American soprano and composer (1880–1970)

Estelle Liebling (April 21, 1880 – September 25, 1970) was an American soprano, composer, arranger, music editor, and celebrated voice teacher and vocal coach.

Born into the Liebling family of musicians, she began her professional opera career in Dresden as a leading coloratura soprano in 1898 when she was just 18 years old. She sang with several important opera houses in Europe, including the Opéra-Comique, the Semperoper, and the Staatsoper Stuttgart. From 1902 to 1904 she was committed to the Metropolitan Opera, and from 1902 to 1905 she toured internationally in more than 1,600 concerts with John Philip Sousa and his band. After her marriage in 1906, she performed only occasionally in the succeeding two decades.

Liebling began her teaching career in the 1910s, not stopping until her death more than 50 years later. Her pedagogy was rooted in the tradition of her teacher Mathilde Marchesi. She mainly taught out of her private studio in New York City, with the exception of three years working on the faculty of the Curtis Institute of Music in the 1930s. During her career she was the vocal coach or voice teacher of 78 principal singers at the Met.

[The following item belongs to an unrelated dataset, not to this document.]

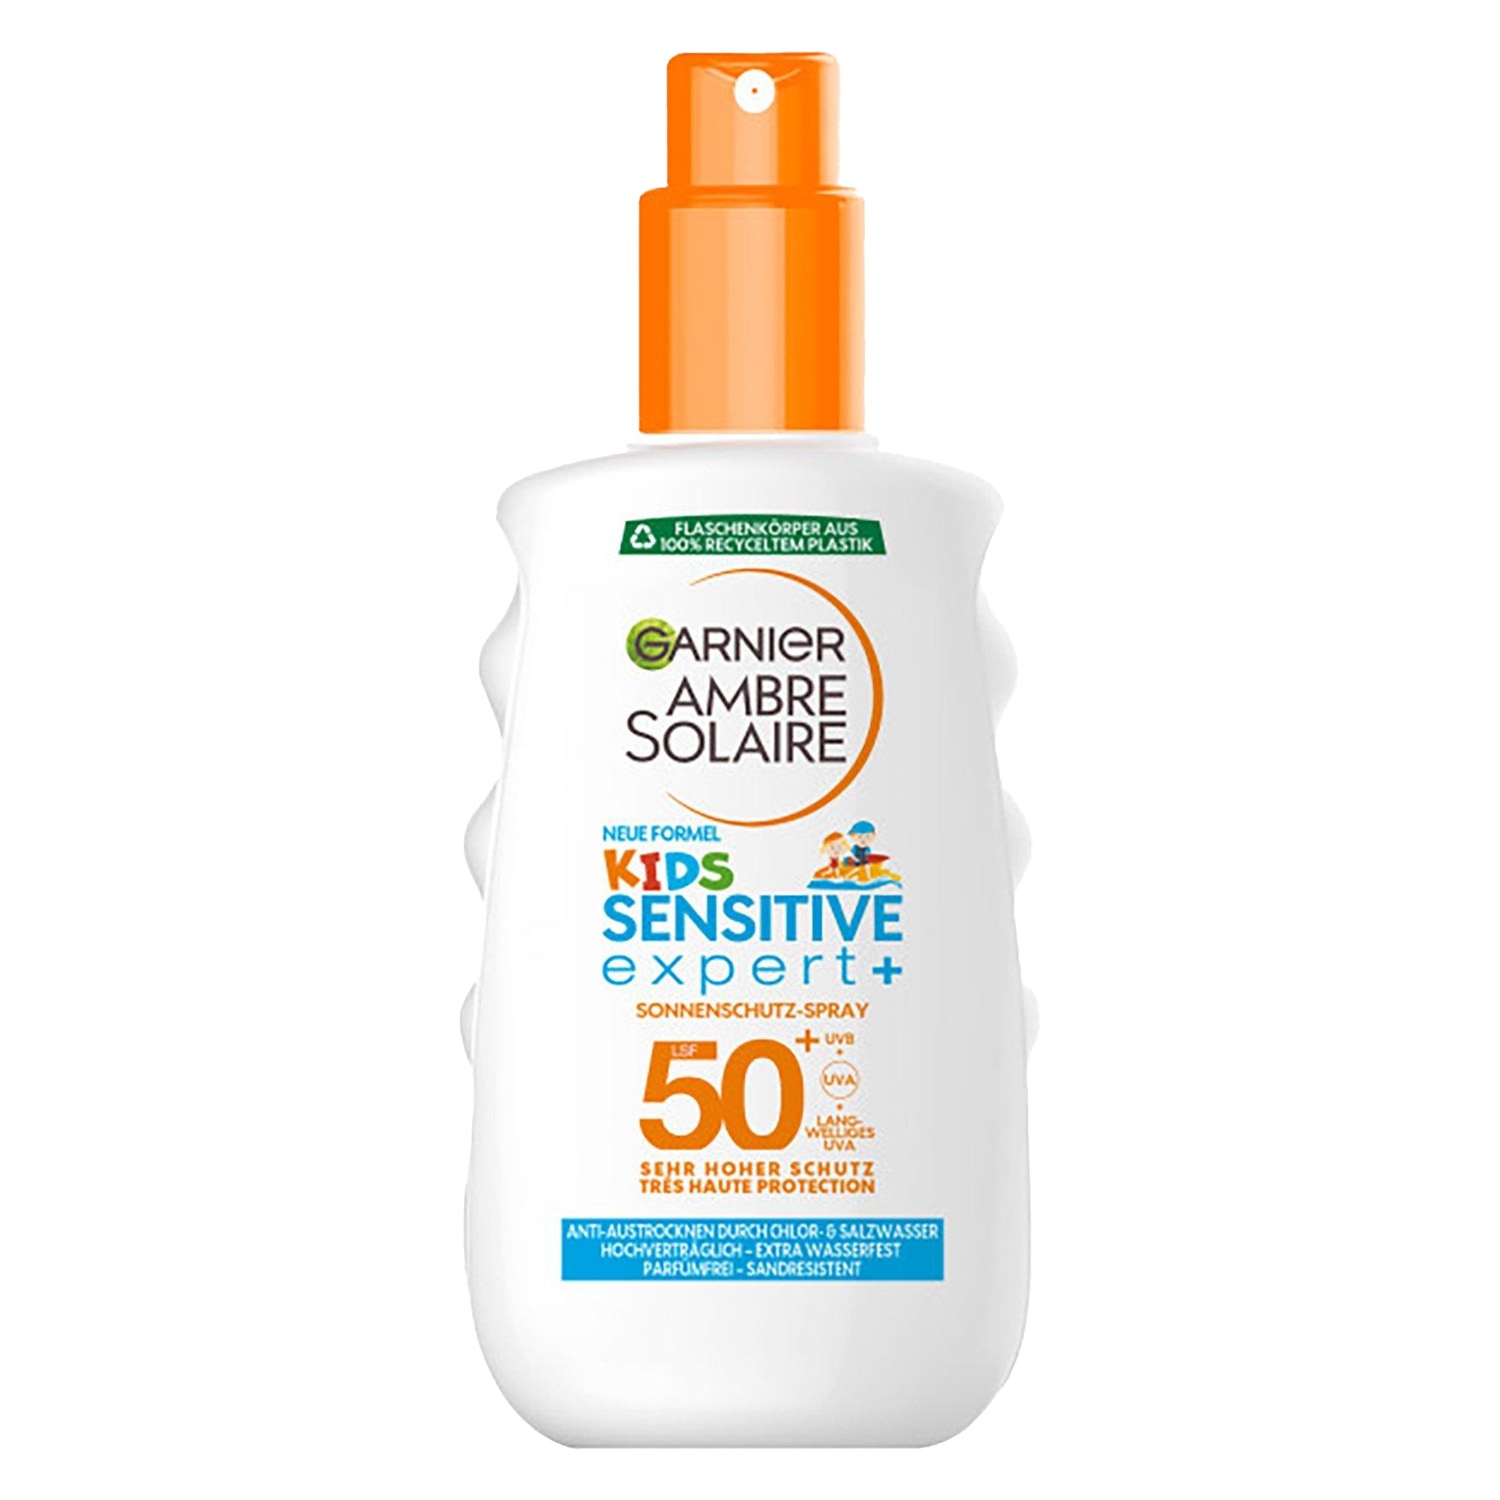 Produktbild von Ambre Solaire - Kids Sensitive expert+ Sonnenschutz-Spray LSF 50+

Many of her students were famous singers and entertainers or other public figures, including sopranos Beverly Sills, Amelita Galli-Curci, Maria Jeritza, Kitty Carlisle, and Margaret Truman; baritones Titta Ruffo and Alexander Sved; Wagnerian tenor Max Lorenz; dancer Adele Astaire; actresses Joan Crawford, Gertrude Lawrence, and Meryl Streep; socialite Irene Mayer Selznick; and Hollywood gossip queen Louella Parsons.

Liebling composed, edited, and arranged music for singers, most often for coloratura sopranos, but also for other voices. A prolific arranger and editor of vocal music for the music publisher G. Schirmer, Inc. and the author of several influential vocal pedagogy texts, she is considered one of the most influential voice instructors and vocal pedagogy authors of the 20th century.

In particular, her influence on the interpretation of coloratura soprano repertoire has had a lasting impact, with musicologist Sean M. Parr stating that Liebling "codified many traditional coloratura cadenzas".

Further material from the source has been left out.